[WHAT IS NEEDED]:
Repeat the entries below word for word, though any picture in them should be dropped.
━━━━━ INPUT DATA
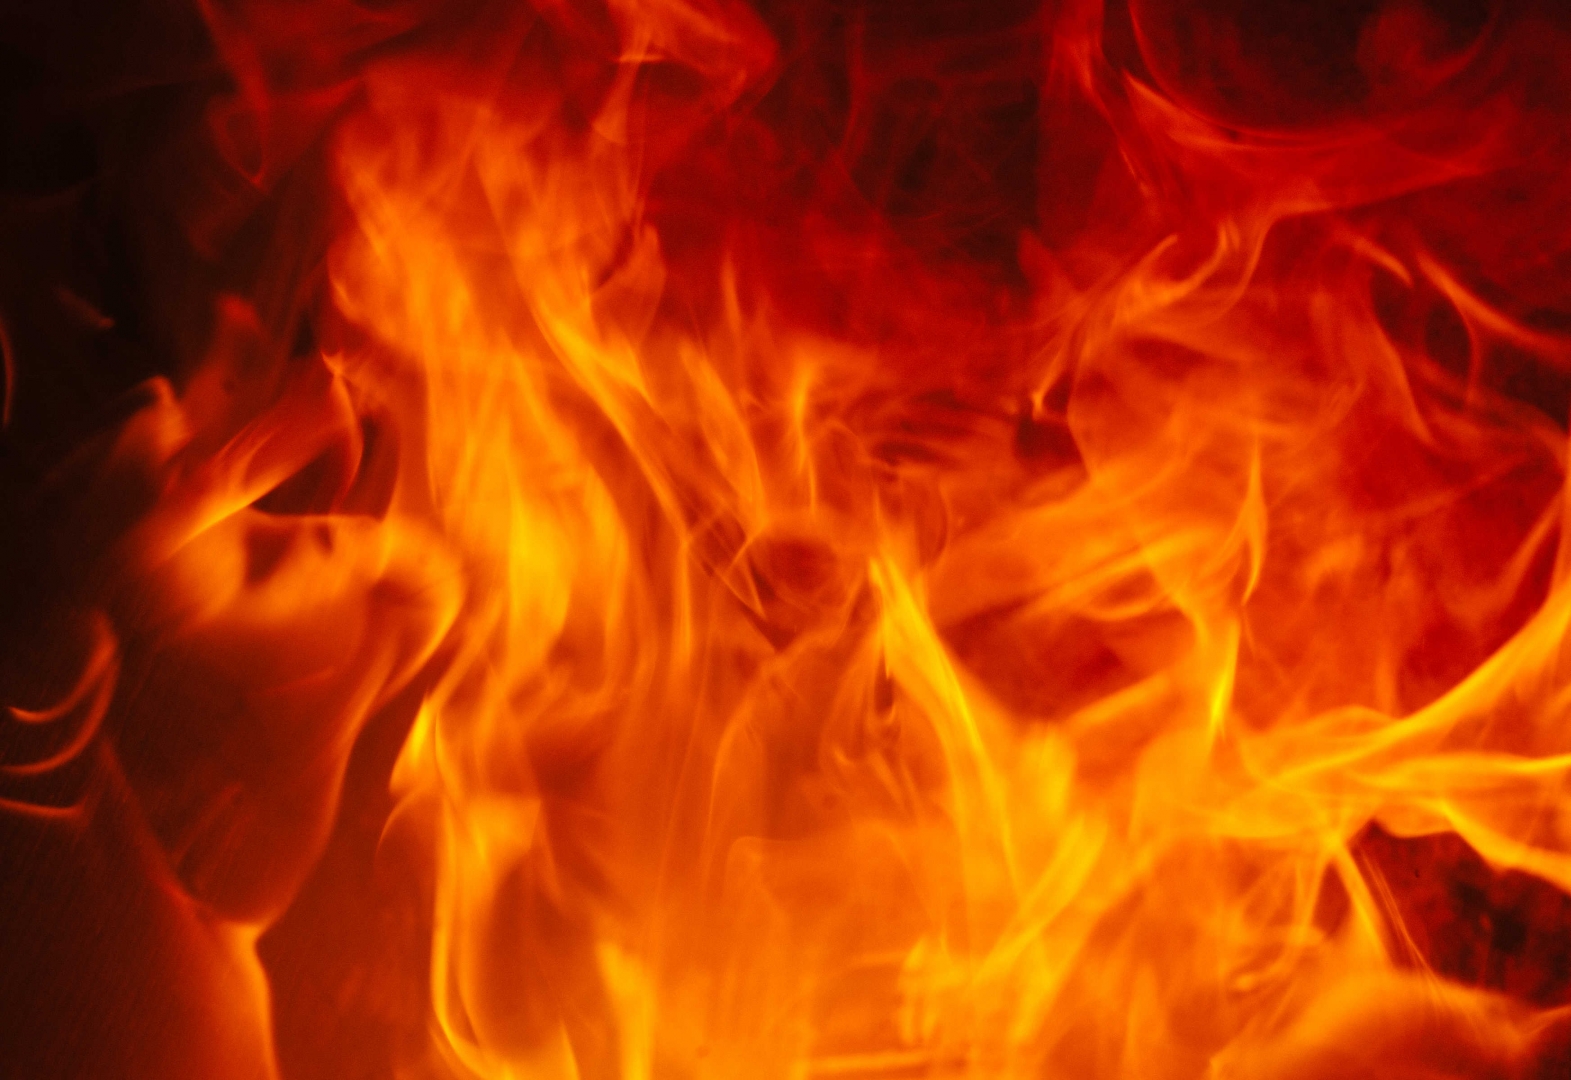 Мужчина пострадал при пожаре на даче в Нерюнгри
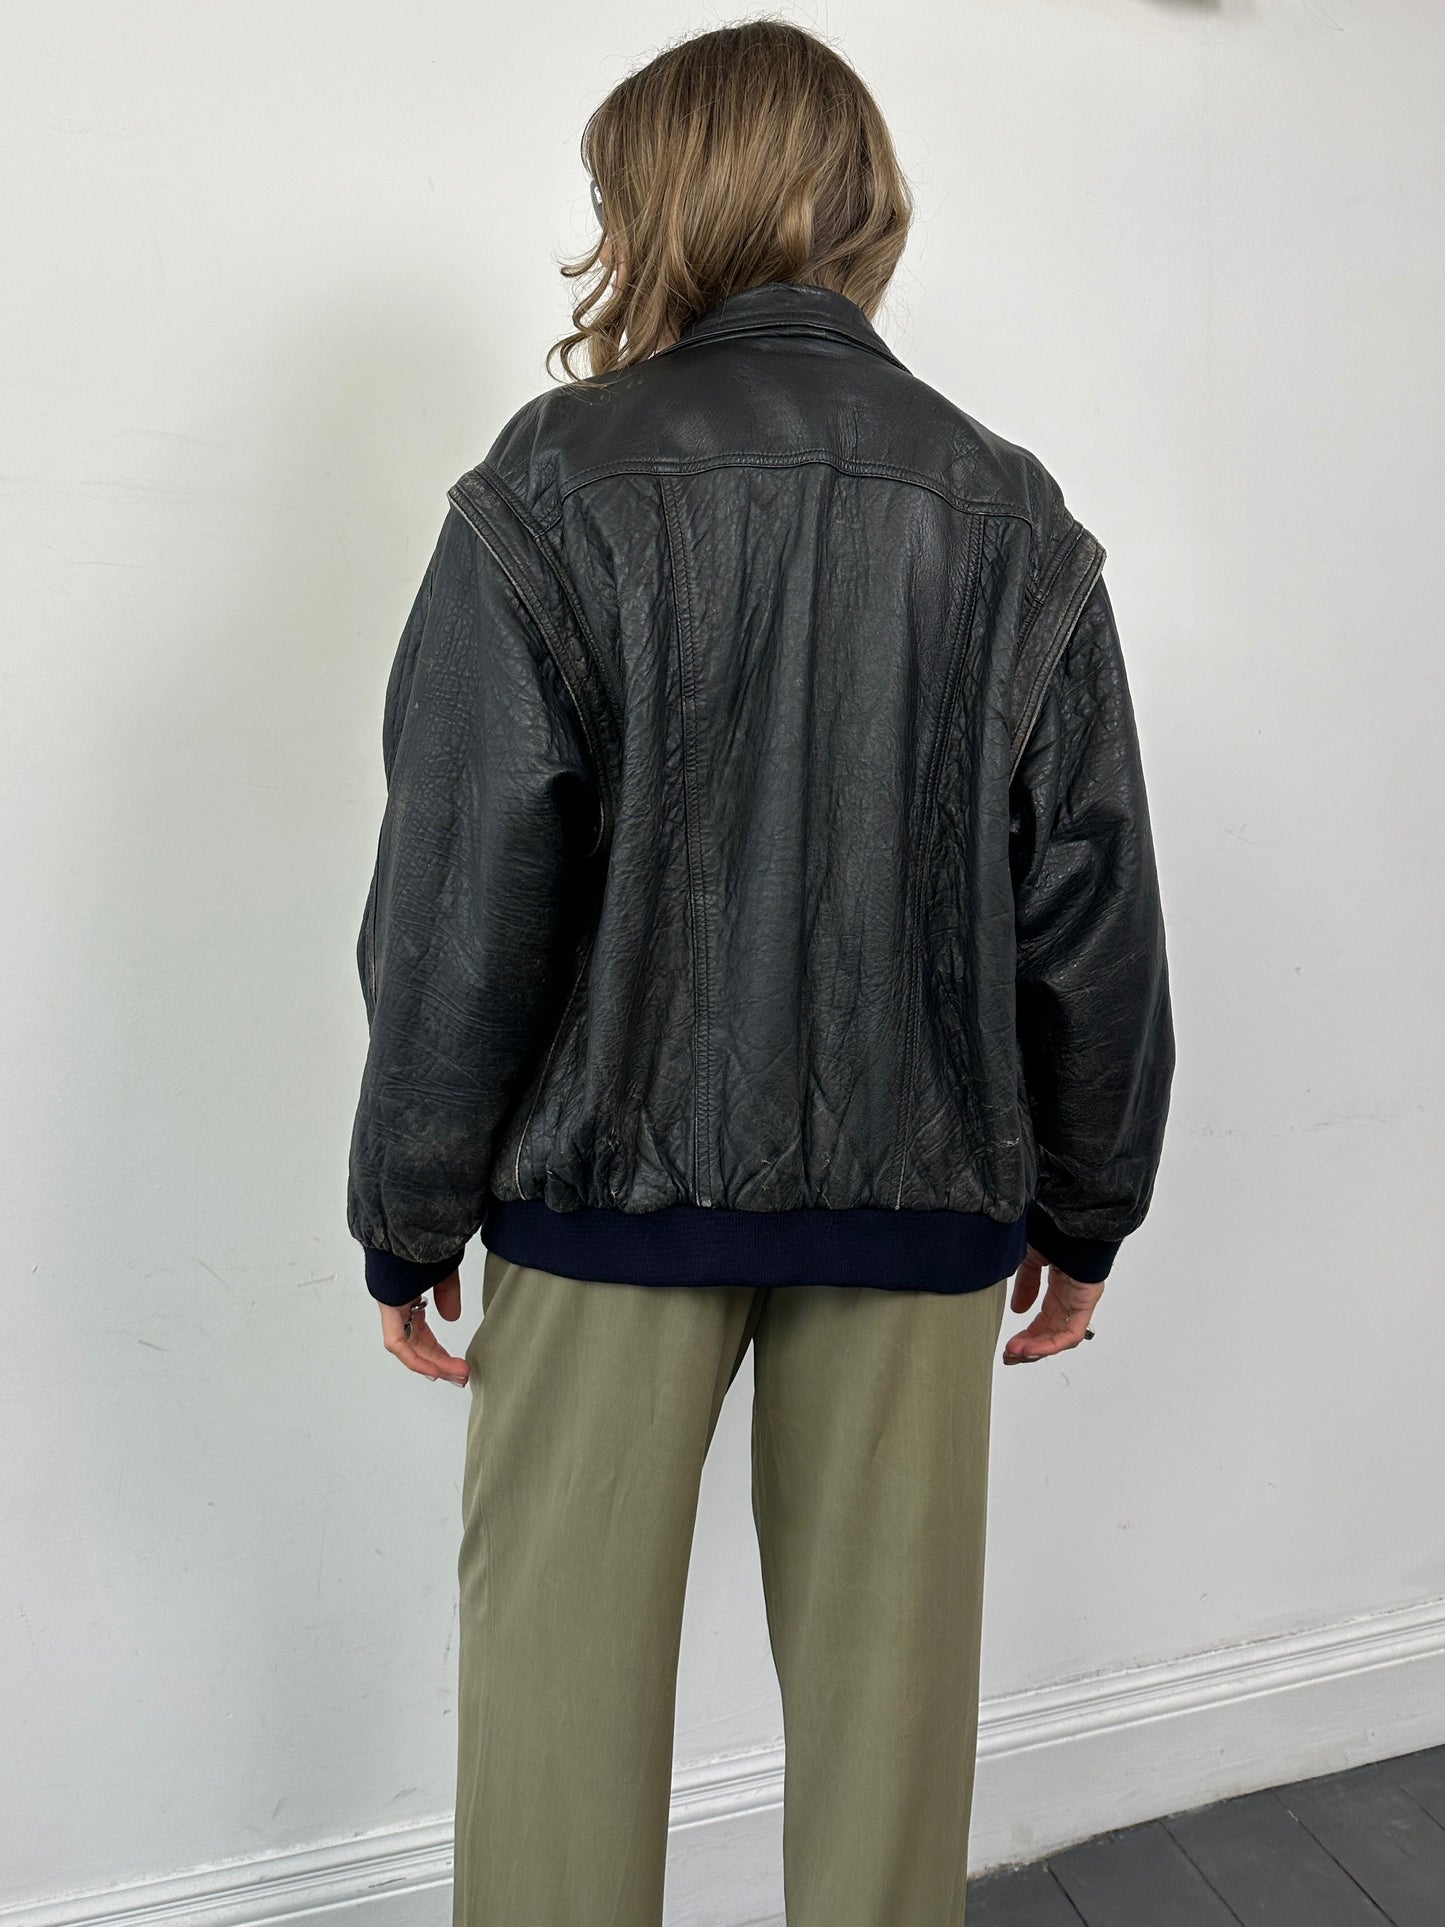 Vintage Distressed Leather Bomber Gilet Jacket - M/L
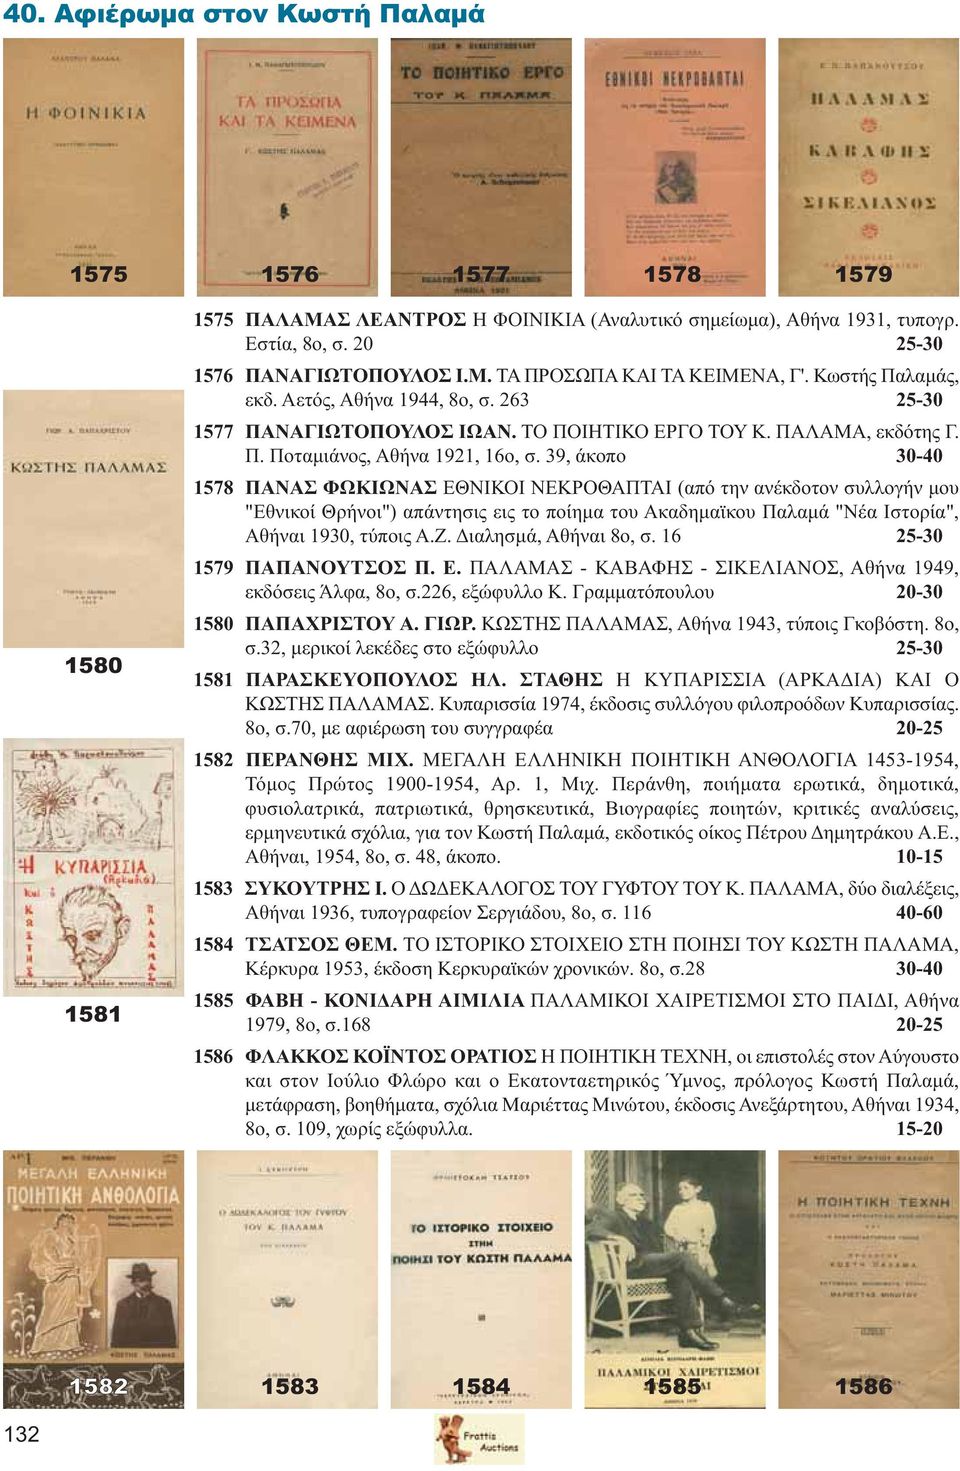 39, άκοπο 30-40 1578 ΠΑΝΑΣ ΦΩΚΙΩΝΑΣ ΕΘΝΙΚΟΙ ΝΕΚΡΟΘΑΠΤΑΙ (από την ανέκδοτον συλλογήν μου "Εθνικοί Θρήνοι") απάντησις εις το ποίημα του Ακαδημαϊκου Παλαμά "Νέα Ιστορία", Αθήναι 1930, τύποις Α.Ζ.
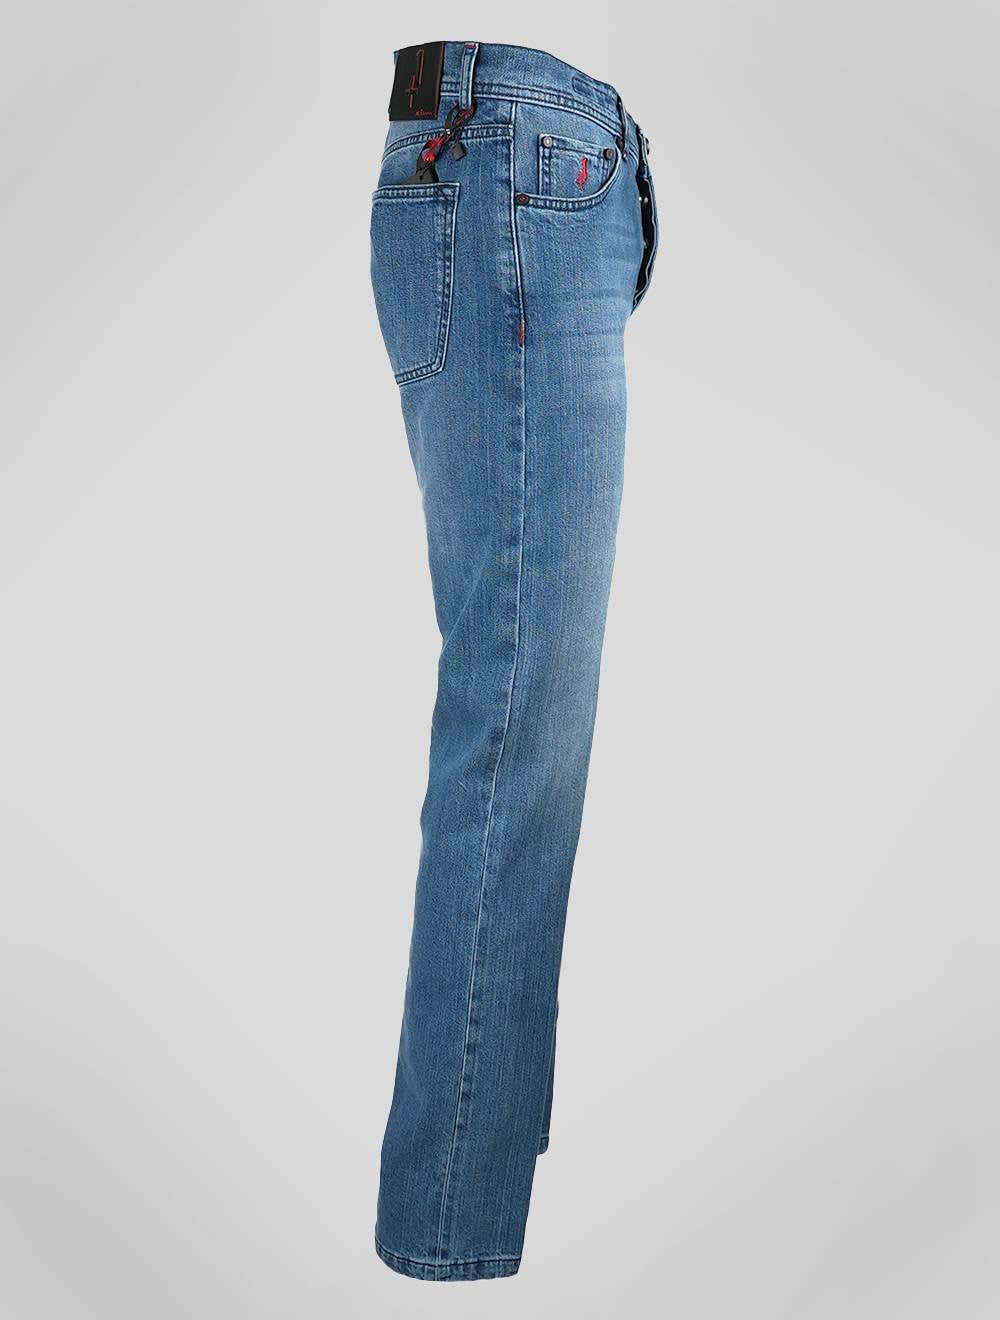 Голубые джинсы из хлопка Kiton Ea, специальная серия
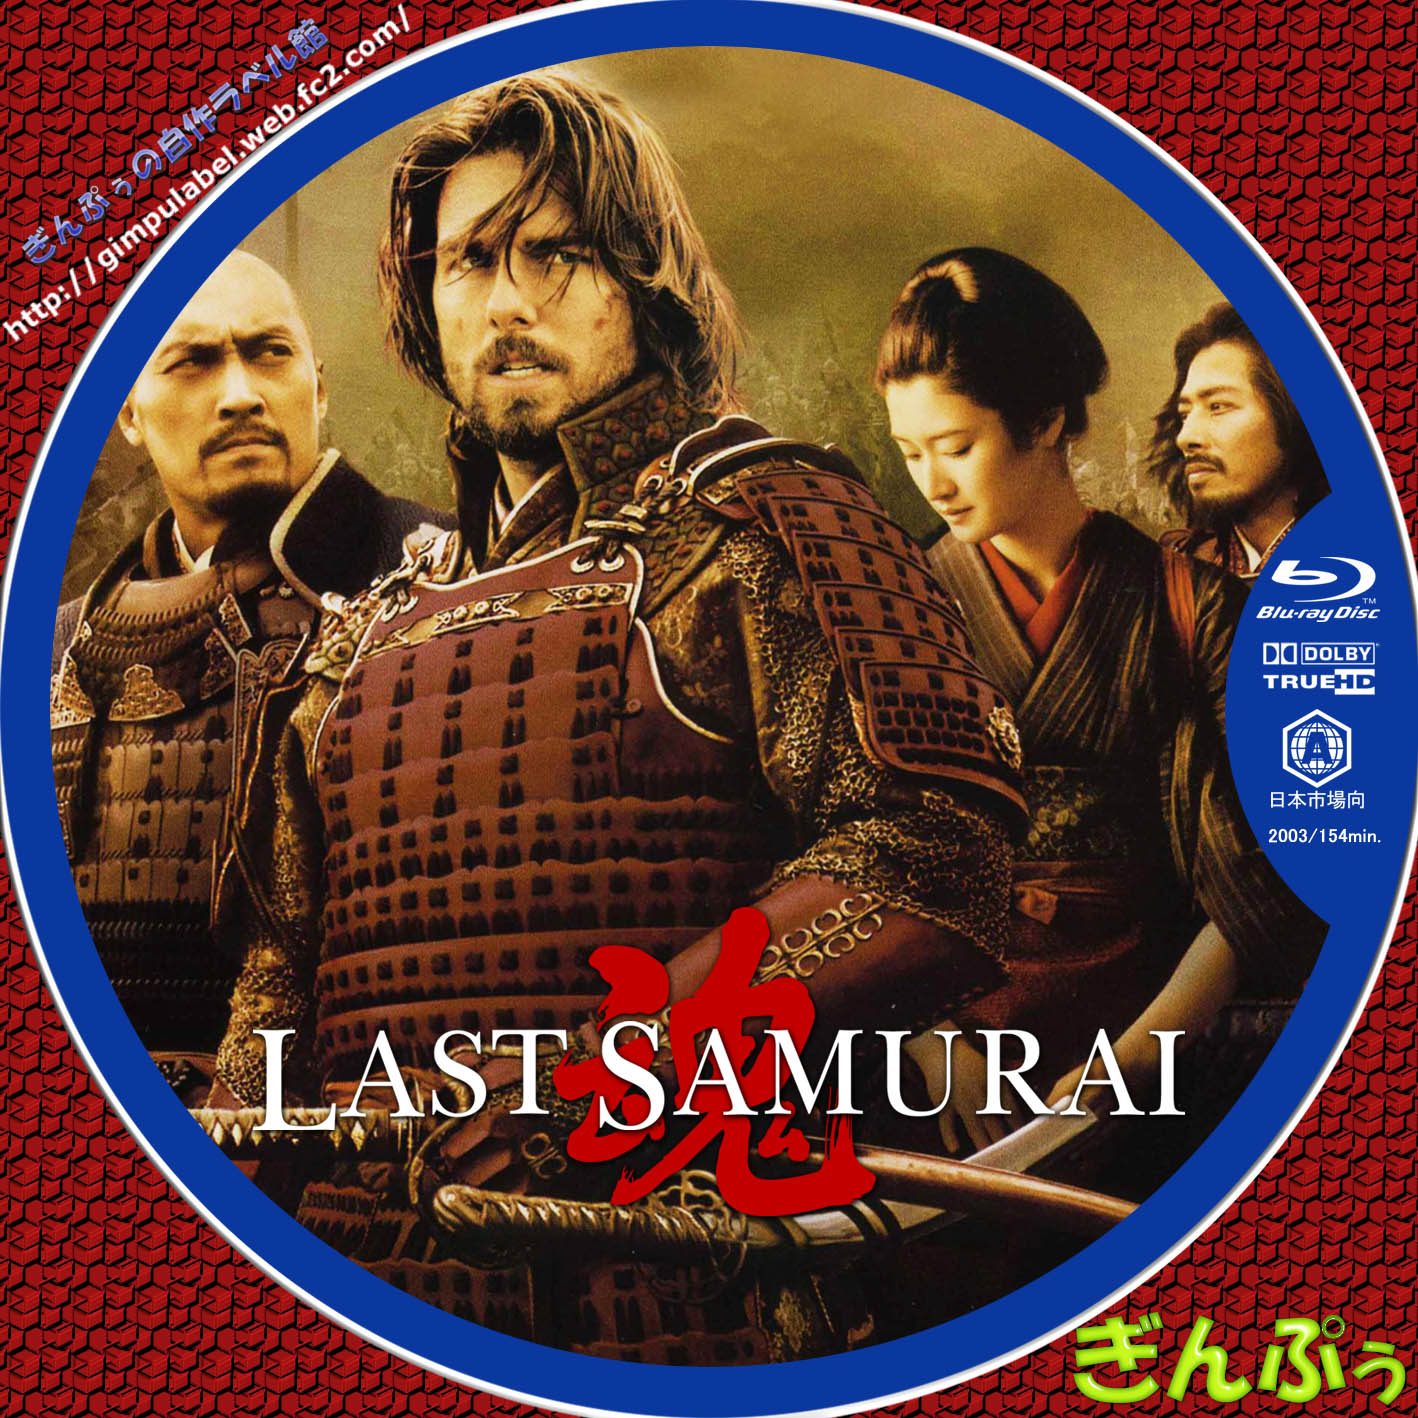 ラスト サムライ 原題 The Last Samurai ぎんぷぅのbｌu Rayラベル
━━━━━━━━━━
[REPLY TO THE TASK]:
 Мужчина пострадал при пожаре на даче в Нерюнгри
 Vintage Distressed Leather Bomber Gilet Jacket - M/L
 39, άκοπο 30-40 1578 ΠΑΝΑΣ ΦΩΚΙΩΝΑΣ ΕΘΝΙΚΟΙ ΝΕΚΡΟΘΑΠΤΑΙ (από την ανέκδοτον συλλογήν μου "Εθνικοί Θρήνοι") απάντησις εις το ποίημα του Ακαδημαϊκου Παλαμά "Νέα Ιστορία", Αθήναι 1930, τύποις Α.Ζ.
 Голубые джинсы из хлопка Kiton Ea, специальная серия
 ラスト サムライ 原題 The Last Samurai ぎんぷぅのbｌu Rayラベル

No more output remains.